In the two years that followed the order planted itself firmly in every State and Territory in the Union, and was instrumental in overturning the entire political machinery in New York, Massachusetts, Michigan, Missouri, Tennessee, Kentucky, Ohio, and Iowa, and of California, Minnesota, Pennsylvania. Wisconsin, Washington, and Oregon, in part. With these victories commenced a general policy of active aggression, and the negative tactics of the organization were practically abandoned. The opening of the Fifty-fourth Congress demonstrated the power of the organization in the political field as no event had previously done.
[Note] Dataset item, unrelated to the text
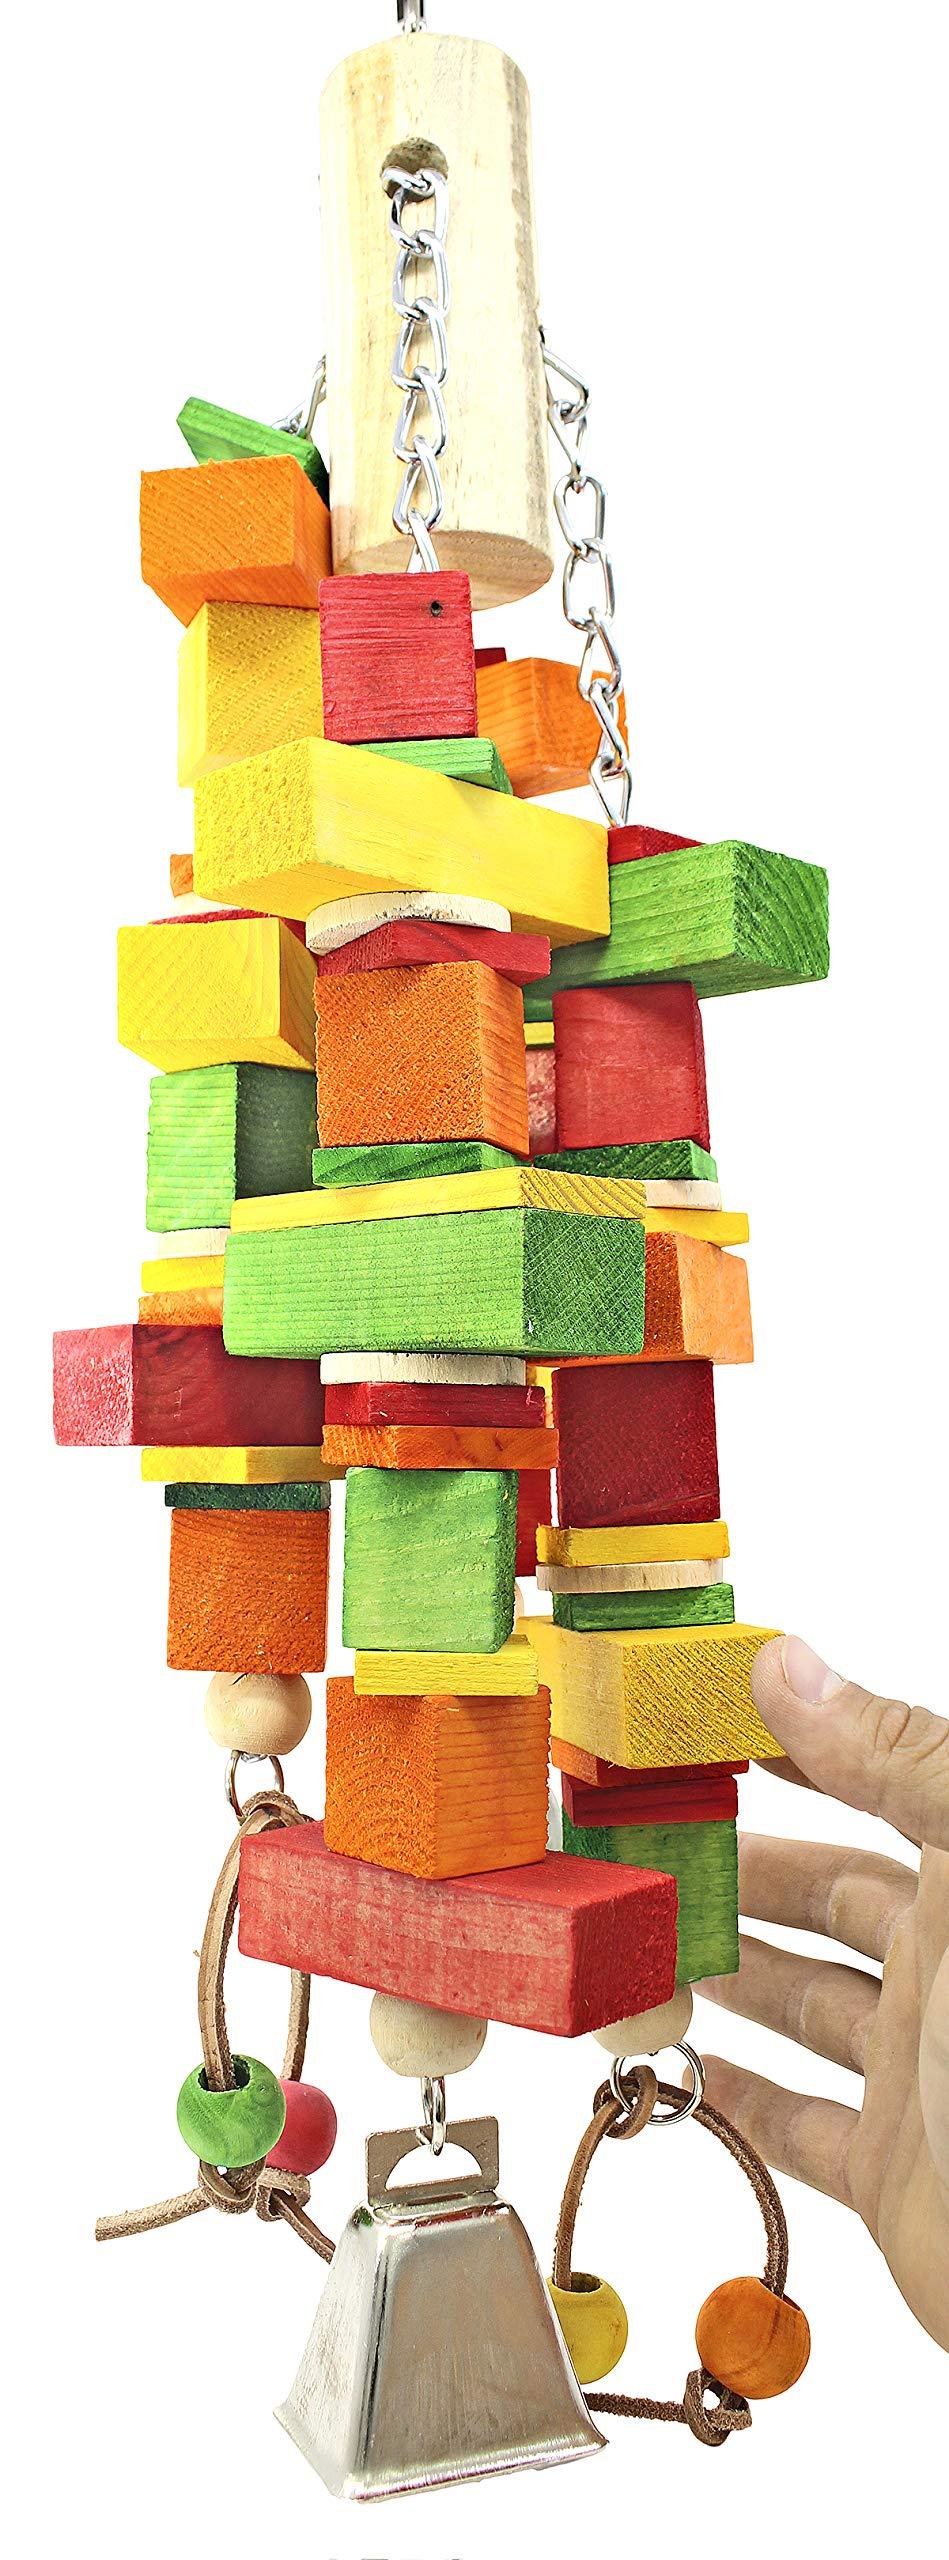 Bonka Bird Toys 1131 Giant Oblong Chew Huge Bird Toy by Bonka Bird Toys

Nearly one hundred members of the House of Representatives were elected to office pledged to support the platform of the order, either as a whole or in part, while several members of the Senate were elected under similar conditions. It would be as unfair as it is untrue to assert that the great majority of these were honestly the friends of the American Protective Association or imbued with the principles of the organization. On the contrary, it is admitted, even although their subsequent conduct had not plainly revealed the fact, that many accepted A. P. A. principles as a means to the end of obtaining A. P. A. votes, and lost no time in repudiating the principles when their political interests suggested the repudiation.

The American Protective Association is the strongest political force that the Western world ever knew. It grew from the parent stem of pure motives and patriotism. It is intensely human, and therefore very imperfect; yet, imperfect as it is, there is nothing like it in the world. It holds the political balance of power in the United States, with its membership of nearly 2,500,000 persons, who influence at least 4,000,000 votes.